First, you’ve got the tactical map. A tactical map is a to-scale map that depicts a place where a fight is happening. It allows everyone at the table to keep track of everyone’s position on the battlefield and figure out where people can move and who they can target and how many monsters are still standing and all that crap. For obvious reasons, tactical maps are almost always used with some kind of token. Miniature figures are common in realspace. Graphical pogs are used in virtual tabletop software.

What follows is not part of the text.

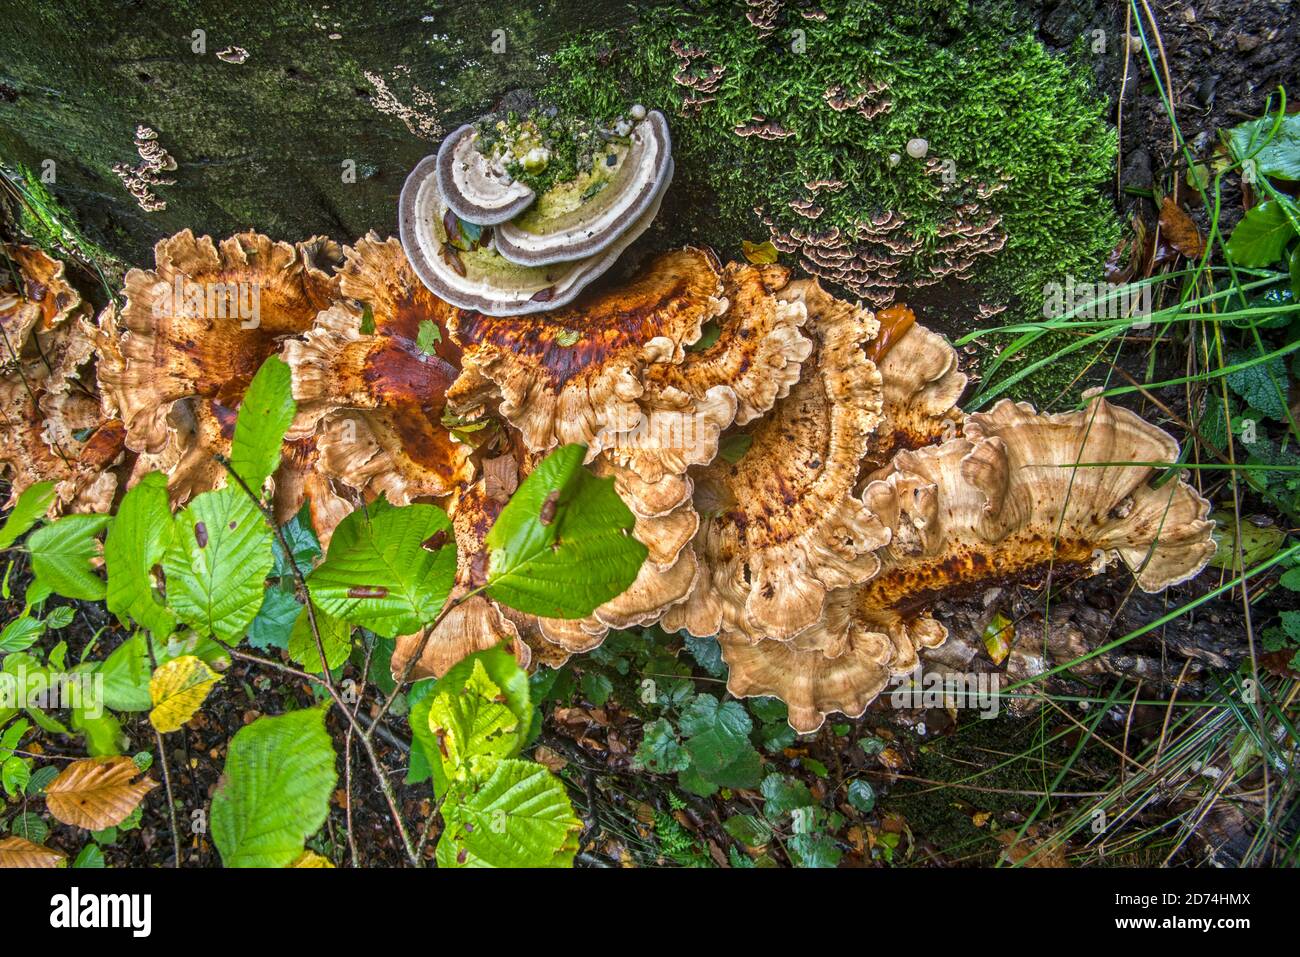 Giant-Polypore / schwarz färbende Polypore (Meripilus giganteus) Und Trameten Pilze wachsen an der Basis des Baumstammes in Herbstwald Stockfoto

Now, in the past tactical maps have been the focus of lots and lots of arguments. Especially about ten years ago, just before the virtual tabletop thing really took off. And some of those arguments still flare up to this day. What you have to understand is that, to resolve combat, the game has always included a certain level of precision in things like distance, speed, and position. And tactical maps and miniatures have always been a very good way to track all of that stuff. However, late in the AD&D 2nd Edition era, several optional rules modules were added to the game that greatly enhanced the role that precise distances, speeds, and positions played in the game. And many of those optional rules were then incorporated as core components in D&D 3E and D&D 3.5. Consequently, having some means of accurately tracking distances and positions during combat became much more important than it ever had been before. D&D 4E built on this framework by adding more positional and movement-based mechanics. And D&D 4E actually took A LOT of flak for “REQUIRING” the use of maps and miniatures to play the game. D&D 5E claimed to dial some of that back, but the fact is that it still has a lot of mechanics based on precise distances, speeds, and positions and so the game expects that you will keep track of that s$&%. Somehow. Obviously, the easiest way to track precise positions and distances is a map with tokens on it.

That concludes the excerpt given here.